A Universidade de Medicina de Tóquio manipulou, deliberadamente, as notas de mulheres candidatas ao vestibular. Por ao menos uma década. Pois é. As notas dos homens, incluindo os que falharam uma ou duas vezes, eram aumentadas artificialmente, enquanto as notas de todas as mulheres e dos homens que falharam três ou mais vezes não recebiam o mesmo tratamento. A investigação concluiu que os resultados foram manipulados para reduzir o número de mulheres admitidas. Os diretores da universidade acreditavam que futuras médicas estariam mais propensas a abandonar a profissão para cuidar dos filhos. (Globo)

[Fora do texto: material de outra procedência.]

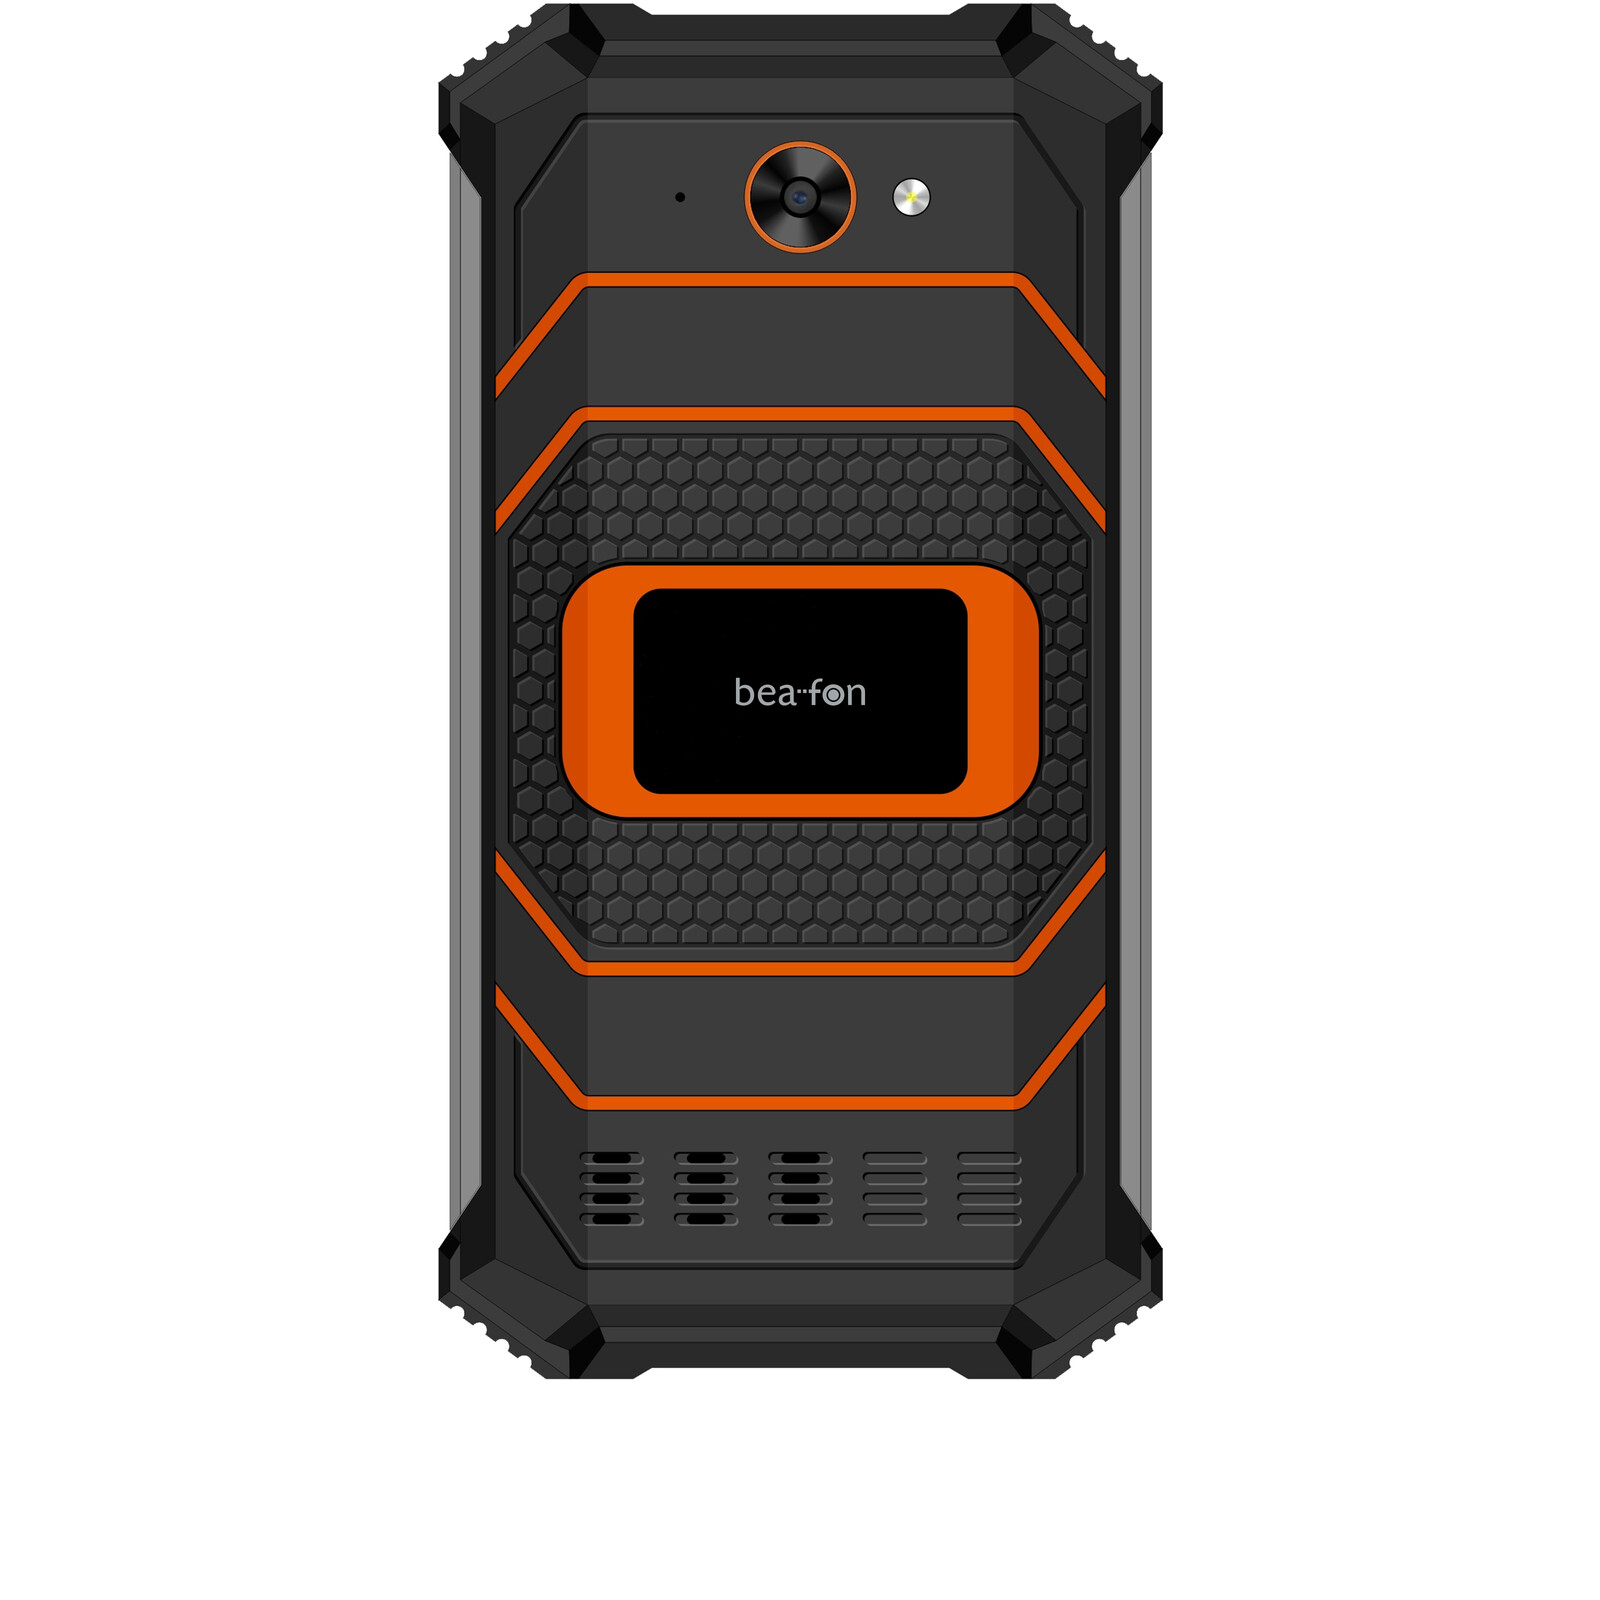 Beafon X5 schwarz/orange Outdoor-Smartphone

Você entenderam? Uma universidade dificultando o ingresso de mulheres sistematicamente durante pelo menos 10 anos! Ao ler, me ocorreu imediatamente a pergunta teórico-sarcástica, “Feminismo pra quê, né?”. E logo depois eu lembrei da nota de ontem, no mesmo informativo:

Nos Estados Unidos, as mulheres são menos propensas que os homens a sobreviver nos anos após um ataque cardíaco. E de acordo com um novo estudo, isso se deve em parte à maneira como as mulheres são tratadas, mas também ao gênero dos médicos que as tratam. Pois é. Pesquisadores americanos constataram que as mulheres vítimas de ataques cardíacos têm mais chance de sobreviver se forem tratadas por médicas. E mais: as taxas de mortalidade das pacientes atendidas por homens diminui conforme eles tratam de mais mulheres, e especialmente se trabalham em hospitais com mais médicas. Pode ser que isso aconteça porque as mulheres se sintam mais à vontade para explicar seus sintomas a elas, que, por sua vez, são mais propensas a conectar esses sintomas a ataques cardíacos. É que eles se manifestam de maneiras diferentes nas mulheres, que acabam demorando mais para procurar ajuda e, muitas vezes, são dispensadas sem diagnóstico.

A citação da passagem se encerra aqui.